Le Serpent Rouge Is Shedding Its Skin

Michel Vallet
22.12.2018

Prior to the publication of Gérard de Sède's book, L'or de Rennes, in November 1967, a number of mimeographed brochures and pamphlets were rubber-stamped with the ‘Dépôt Légal’ mark and entered the Bibliothèque Nationale. Their titles are now familiar to us: Dossiers secrets, by Henri Lobineau; Les descendants mérovingiens ou l'énigme du Razès wisigoth, by Madeleine Blancasall; Pierres gravées du Languedoc, by Eugène Stüblein; Un trésor mérovingien à Rennes-le-Château, by Antoine L'Ermite; Généalogie des rois mérovingiens et origine de diverses familles françaises et étrangères de souche mérovingienne, d'après l'abbé Pichon, le docteur Hervé et les parchemins de l'abbé Saunière, curé de Rennes, by Henri Lobineau, and finally, Le Serpent rouge, notes sur Saint-Germain-des-Près et Saint-Sulpice de Paris, by Pierre Feugère, Louis Saint-Maxent and Gaston de Koker.

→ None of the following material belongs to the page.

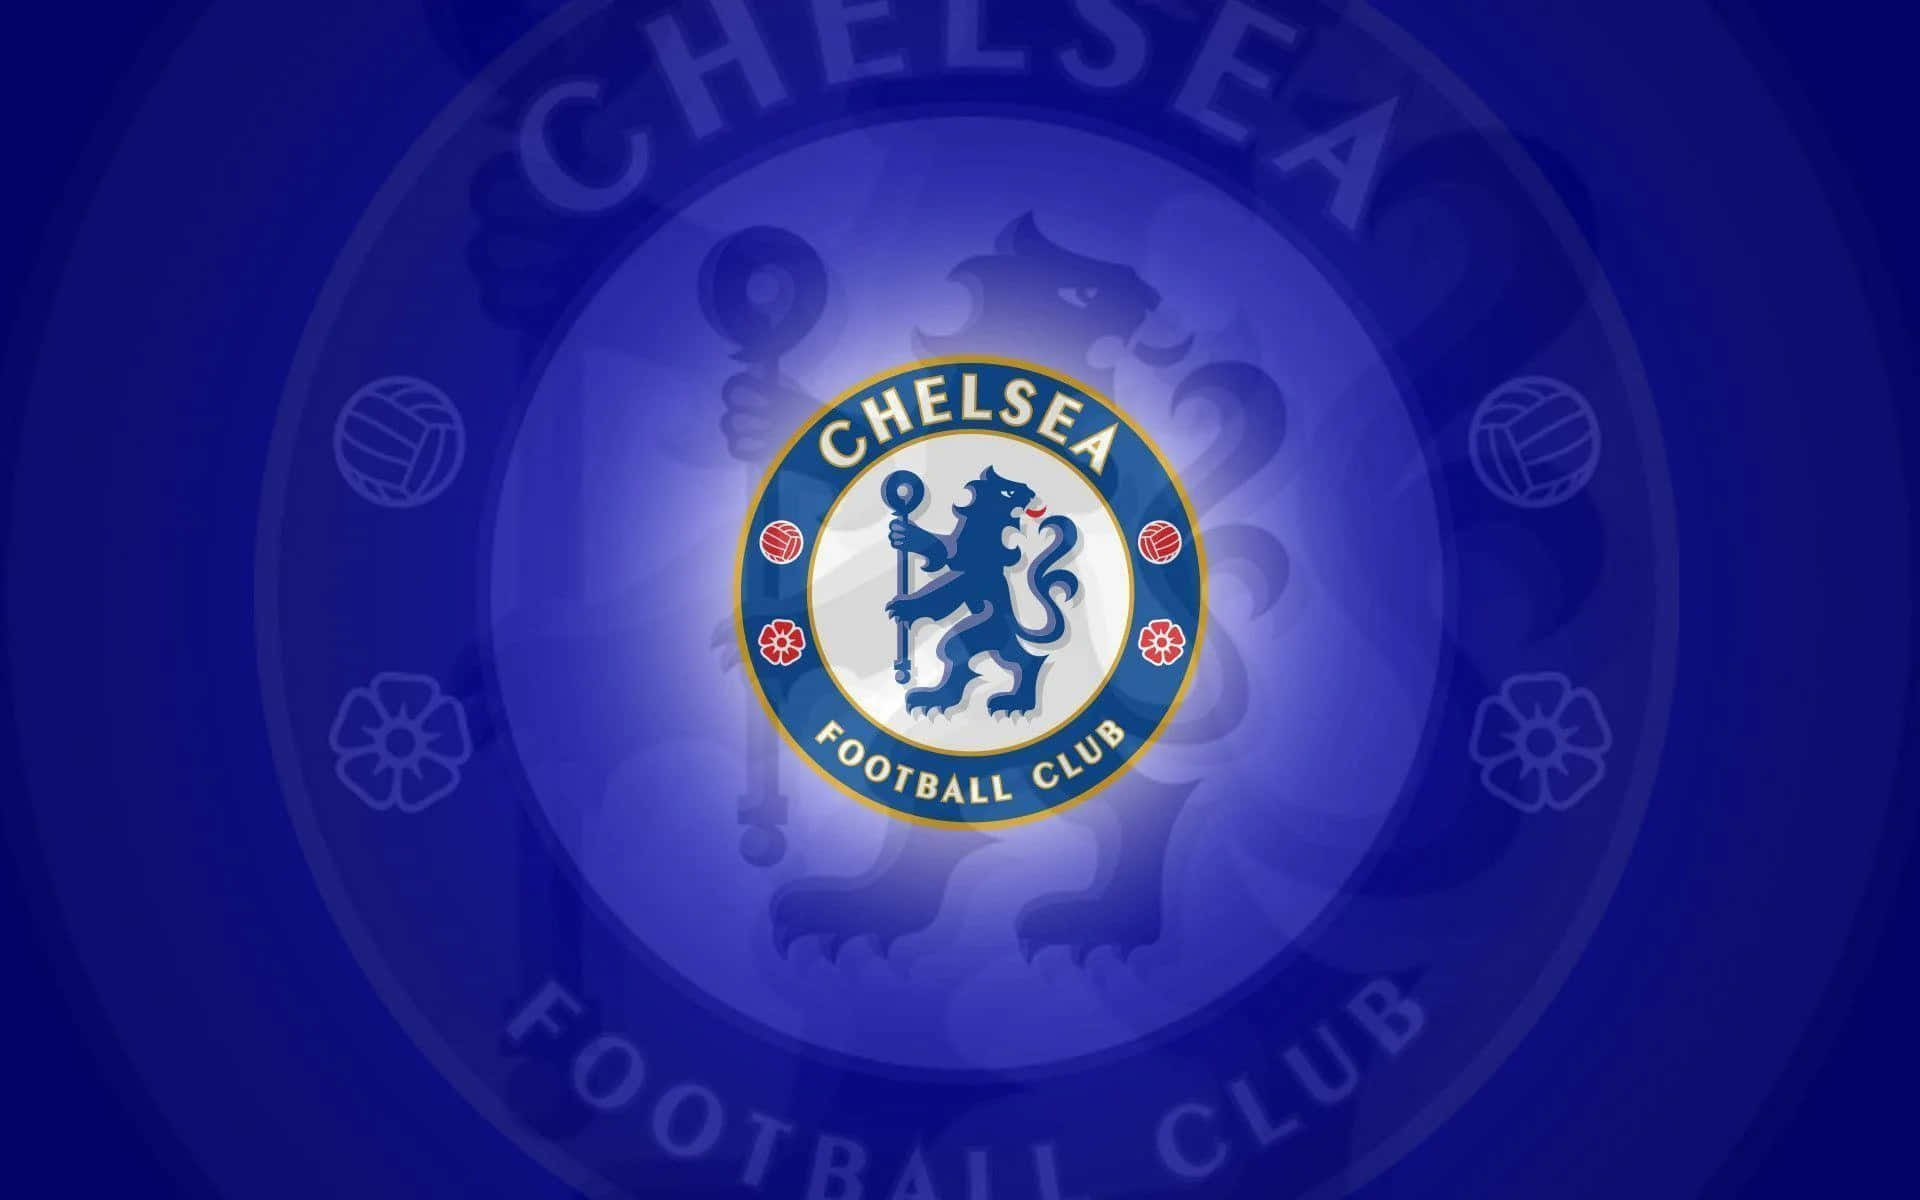 Show Your Support for The Chelsea Football Club

These texts, which long retained an air of mystery, were mainly attributed to Pierre Plantard and, secondarily, to Philippe de Chérisey, although we believe that all these texts were written without his knowledge. He certainly wrote others, but not these!

Tracing the sources of this windfall gives astonishing results. They often have their origin in completely disparate elements that have been placed end to end. Glue and scissors have often played a major role. I have already pointed out that Antoine L'Ermite's long account is, in fact, a ‘copy and paste’ of a chapter from Robert Charroux's book, Trésors du monde, published in 1962, except for one sentence at the end of that text, which has been changed.

Thirty years ago, I pointed out that the drawings of the ancient stones attributed to Eugène Stüblein had been copied from Julien Sacaze’s Inscriptions antiques des Pyrénées, published in 1892. Identical drawings, and identical captions too!

It should also be noted that the ‘dynastic table’ that appears after the stanzas in Le Serpent rouge is simply a photocopy from pages 16 and 17 of Gabriel Fournier's Que Sais-je? devoted to the Merovingians, just like the two maps of Gaul to be found on pages 4 and 61.

This is not the only identification of this kind, and nor is it my own discovery, but it's worth bearing in mind even so.